An exact copy of all the lines below is required, with every image left out.

* [Provided data]

-------

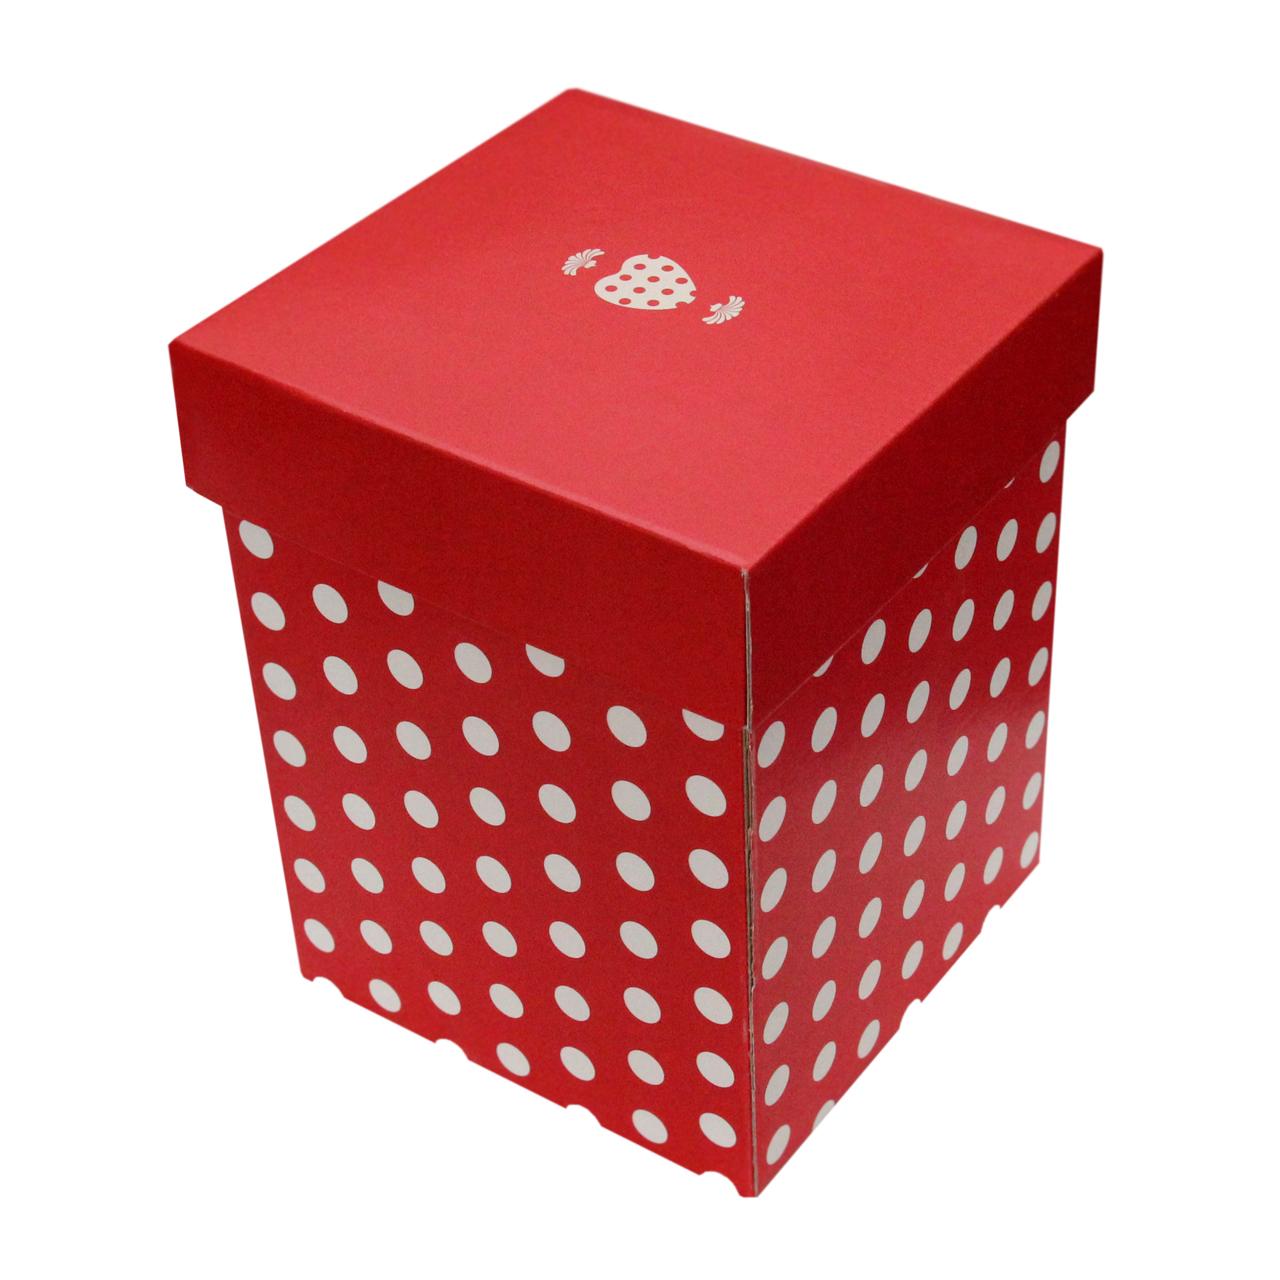 Cutie Pentru Cadou Din Carton Rosu Cu Buline
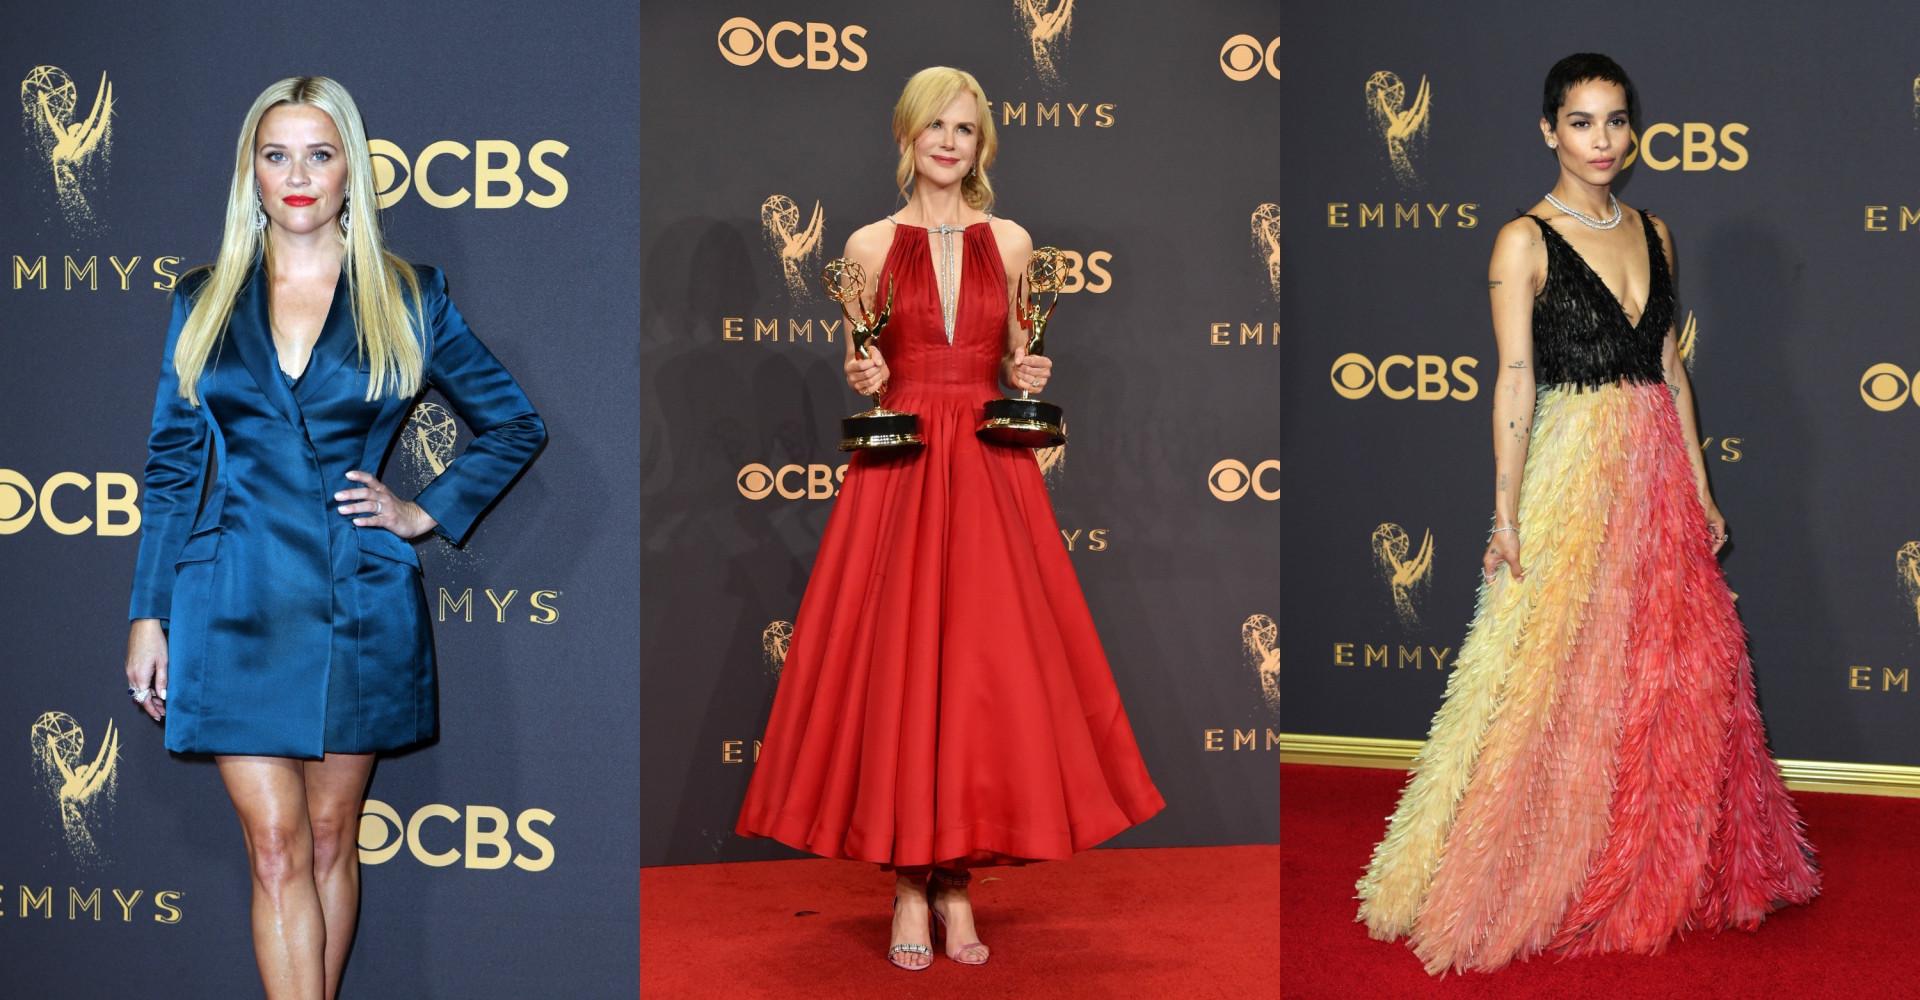 Ce que les stars ont porté aux Emmy Awards 2017
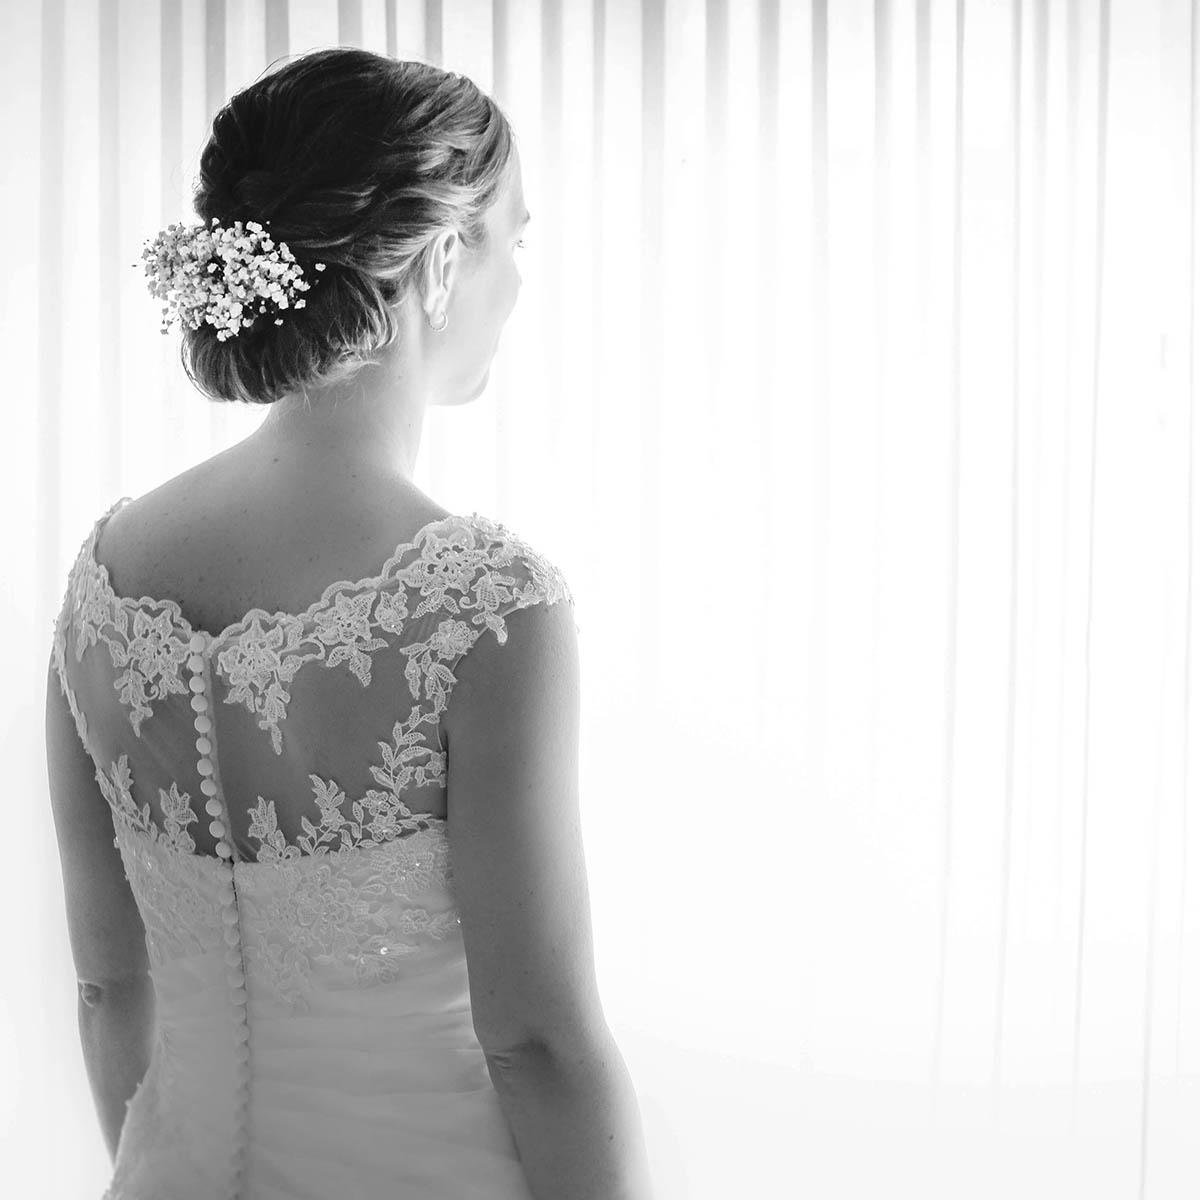 De bruid tijdens haar trouwdag

-------

* [Solution below]
 Cutie Pentru Cadou Din Carton Rosu Cu Buline
 Ce que les stars ont porté aux Emmy Awards 2017
 De bruid tijdens haar trouwdag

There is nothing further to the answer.